Bernard Willis, a special constable involved in policing the riot
"I used to hear plenty of racist jokes, and a lot of people – me included – held different attitudes to now. But I don't think police were any more racist than the rest of society. Any tension came from both sides. If as a police officer you face hostility and antagonism for eight to 12 hours a day then it's going to affect the way you see people. I lost count of the number of times I was told I was only stopping someone because they were black. It always struck me as funny that people who complained they were being treated like criminals responded by burning down buildings and looting shops. It might be a controversial thing to say, but I think Scarman led to people losing their lives. It's easier to carry weapons if you don't think you'll be searched."

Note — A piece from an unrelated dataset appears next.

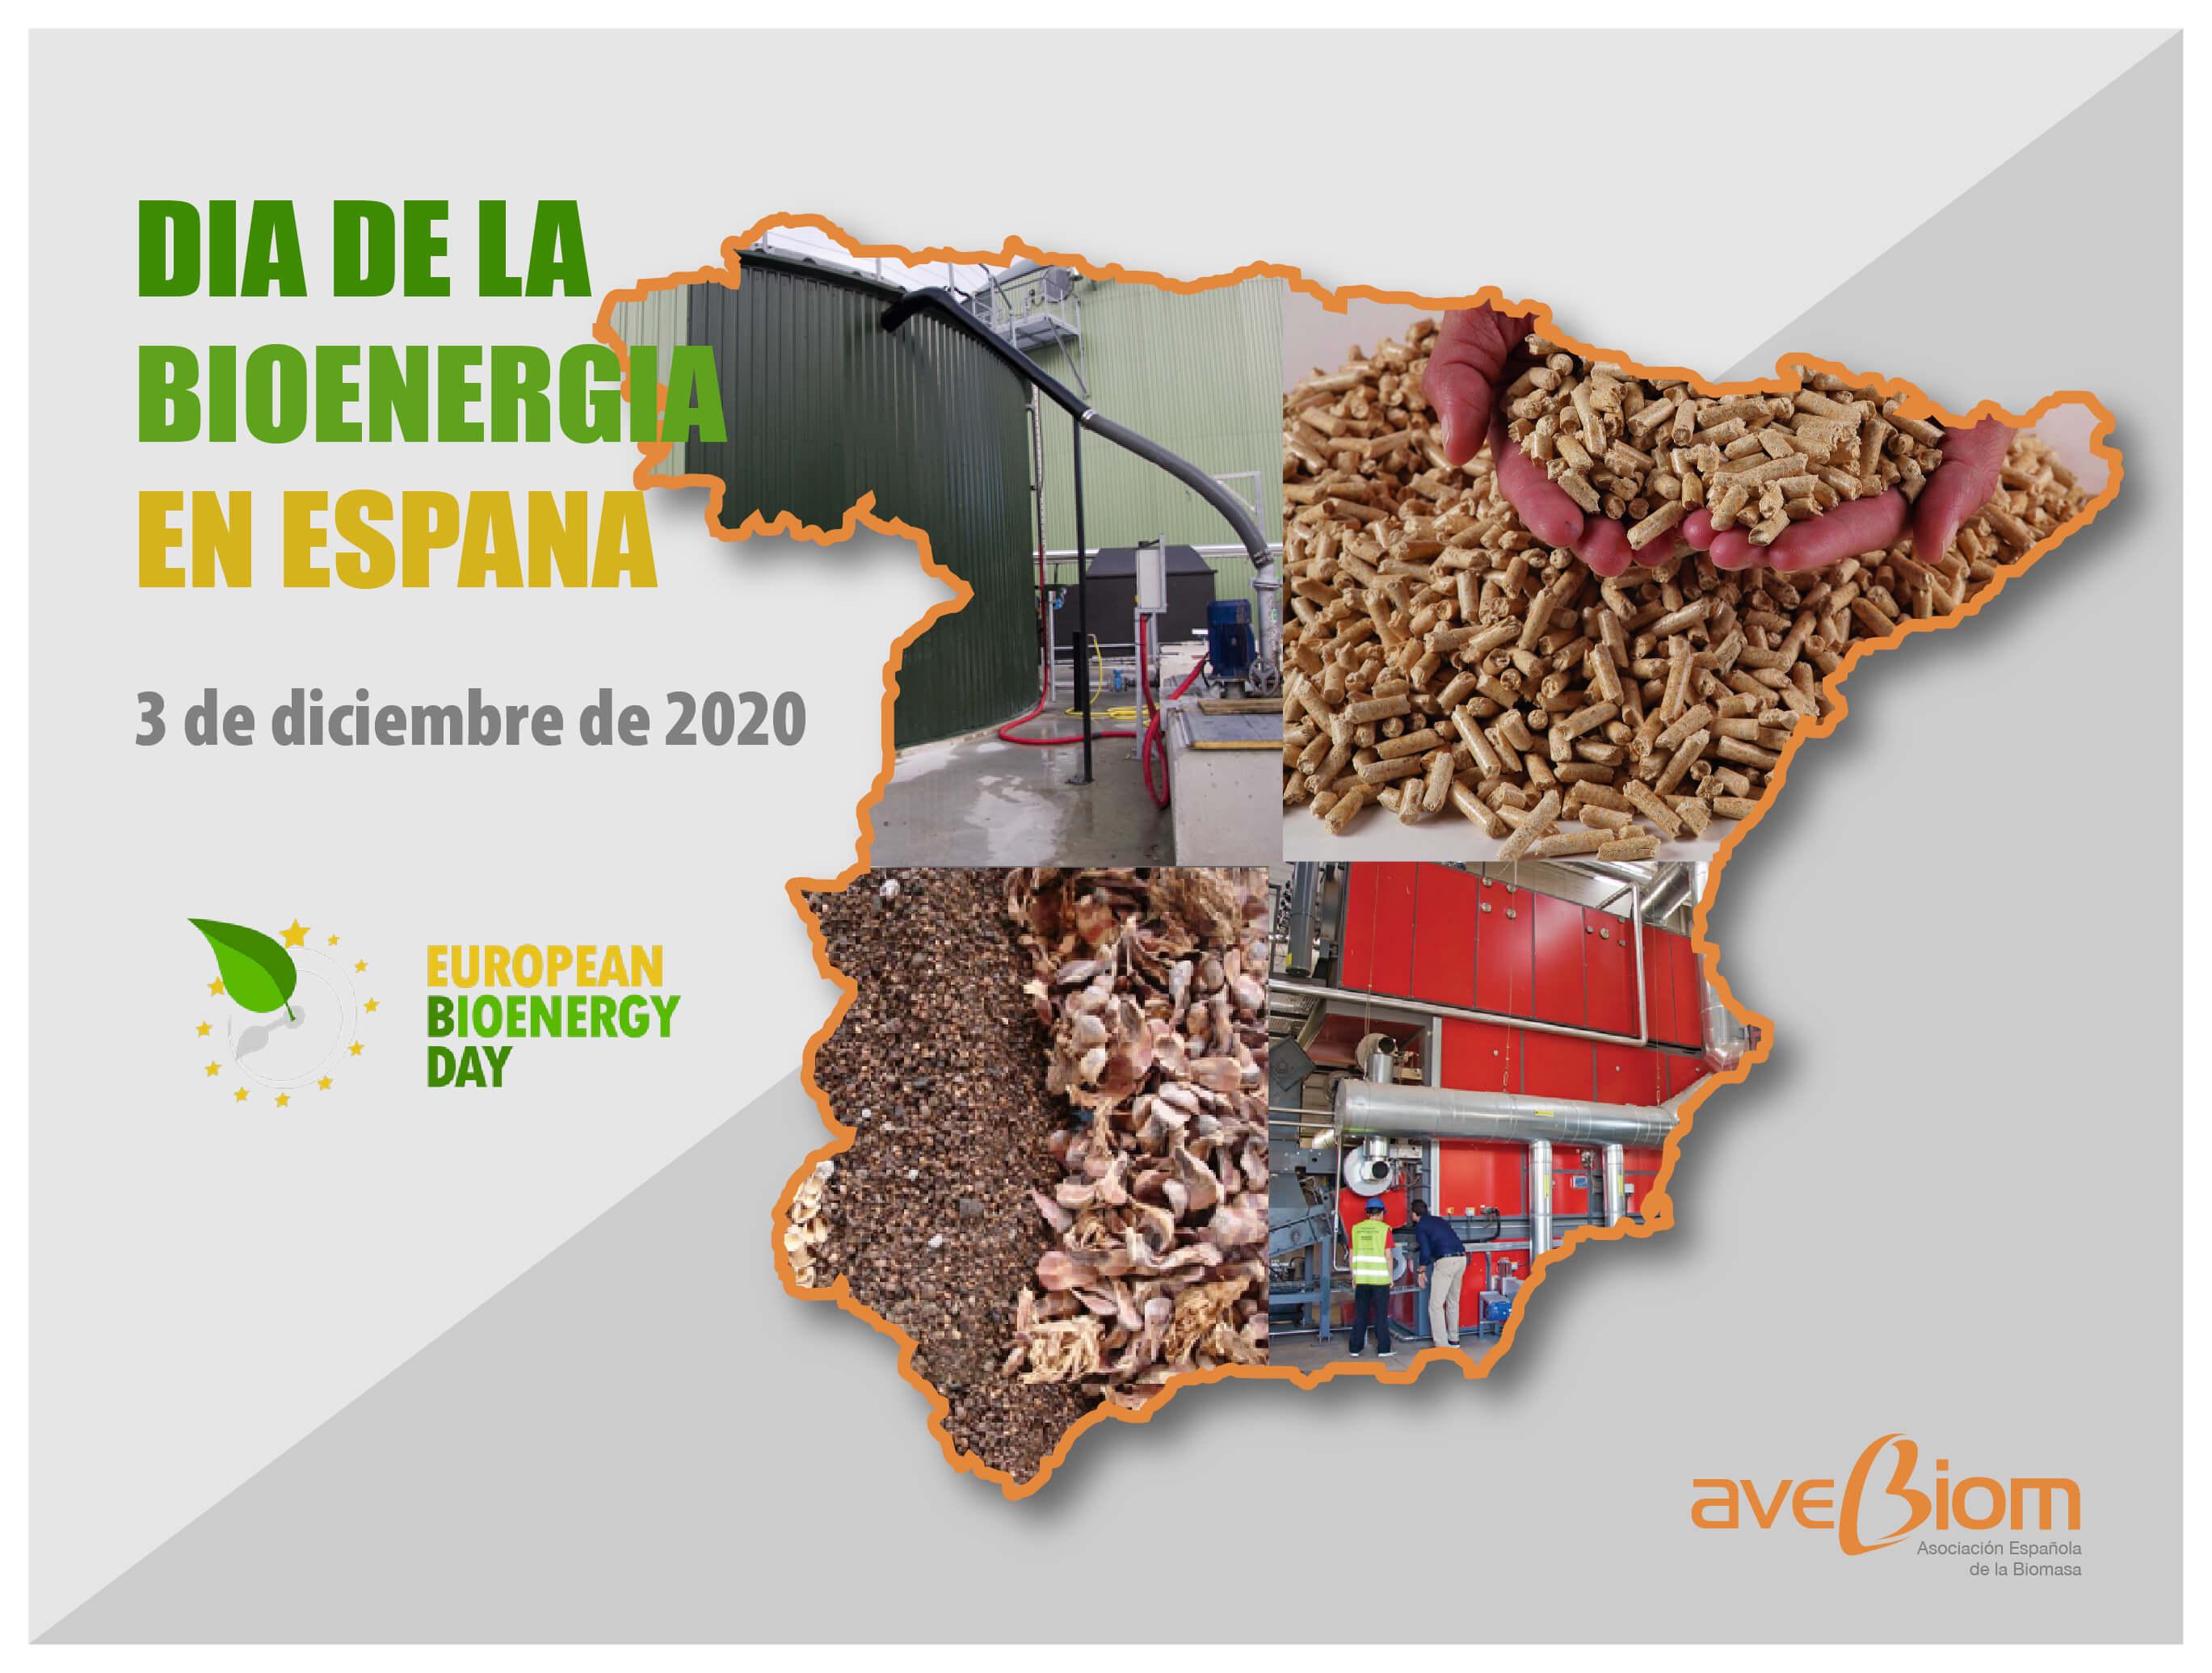 Journée de la bioénergie en Espagne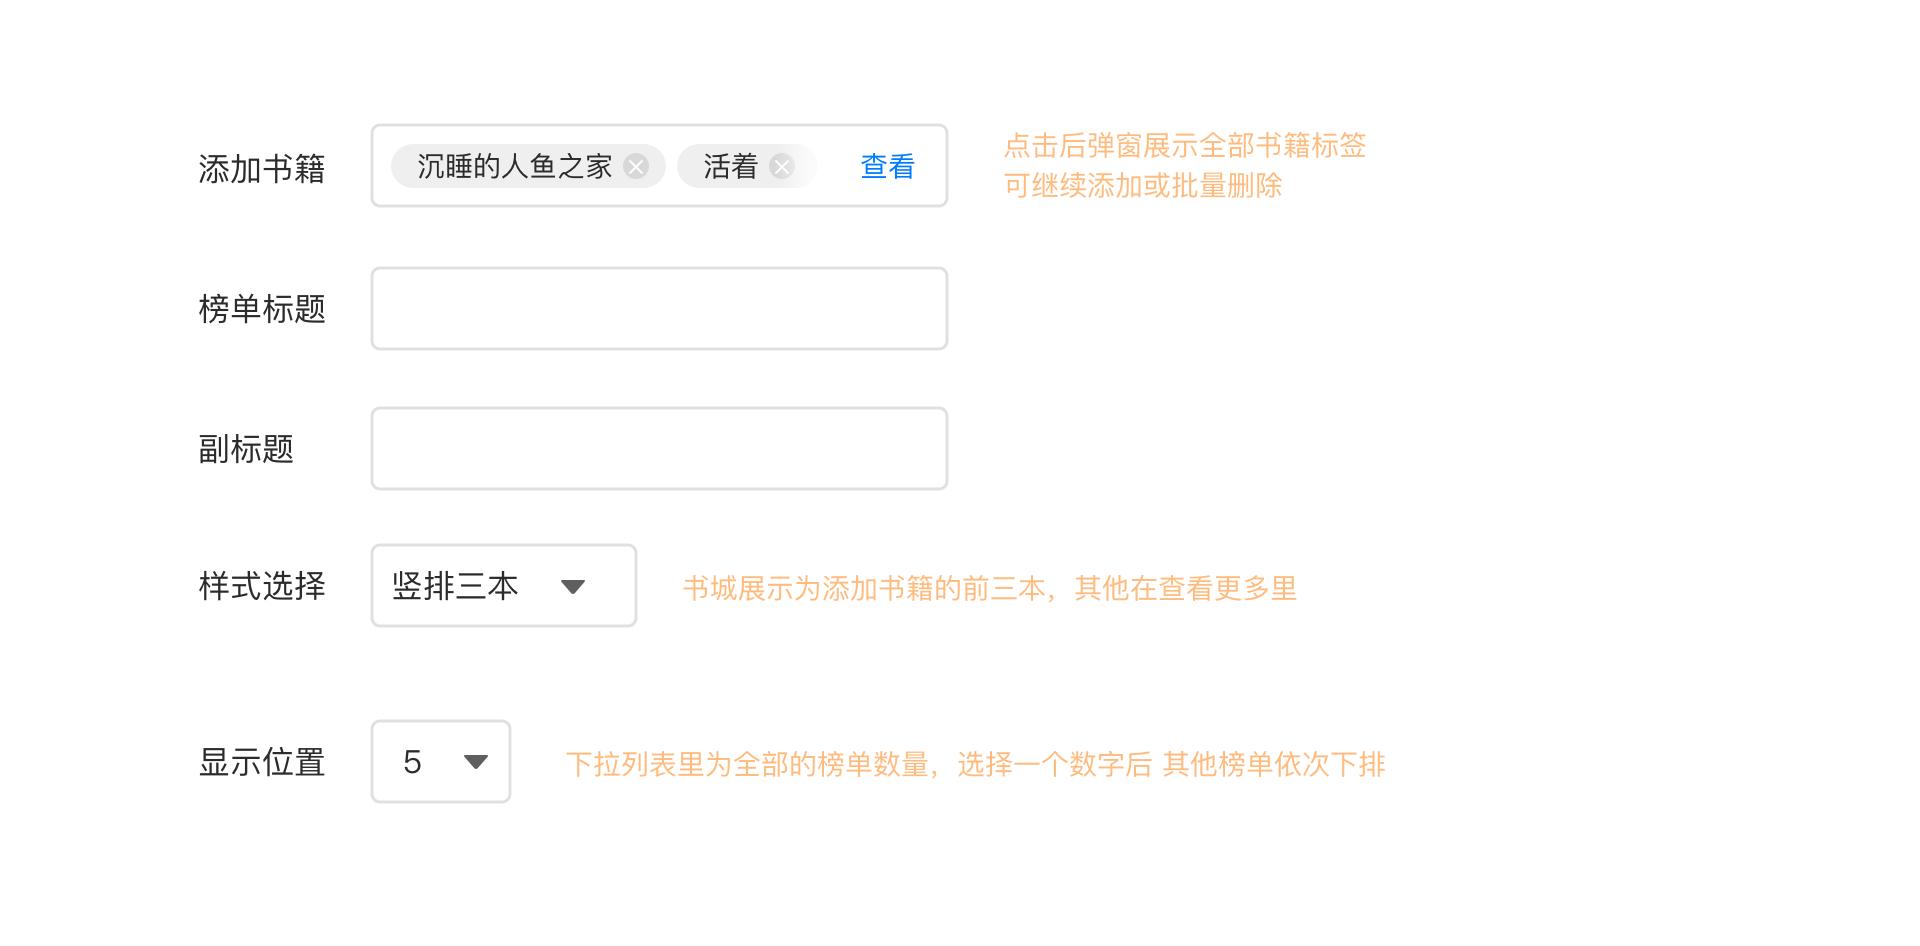 企业官网体验设计升级与toB设计浅谈

Donna Sinclair, head of Options 4 Change, a charity working with black youths
"I went to Brixton the morning after and the smell of burning, and what you could see told a huge story. It looked like there was nothing left. Brixton has been raised from absolute ashes, through the will and determination of the community. We're passionate about building better relations with the police. But we still hear about problems – young people telling us they've been taken out of their car and strip-searched in the back of a police van. More needs to be done to improve relations. If you don't spend now, you'll pay for it later. We'll pay through the benefit system. We'll pay through the criminal justice system. We will pay through the health service. And we'll pay through society breakdown."
Ted Knight, known as Red Ted, the then-Labour leader of Lambeth council
"I was not at all surprised at what happened. What we were surprised at was the intensity of the police reaction. Later we heard from people who had been listening to police radio communications. It was clear they had brought in police from outside London, for whom an inner city was another planet. They kept them sitting in their coaches, without adequate food or water, and they were getting absolutely frustrated. Then, of course, they unleashed them. It was confrontation and provocation. I think they wanted to deliver a salutary lesson to the youth of the inner cities."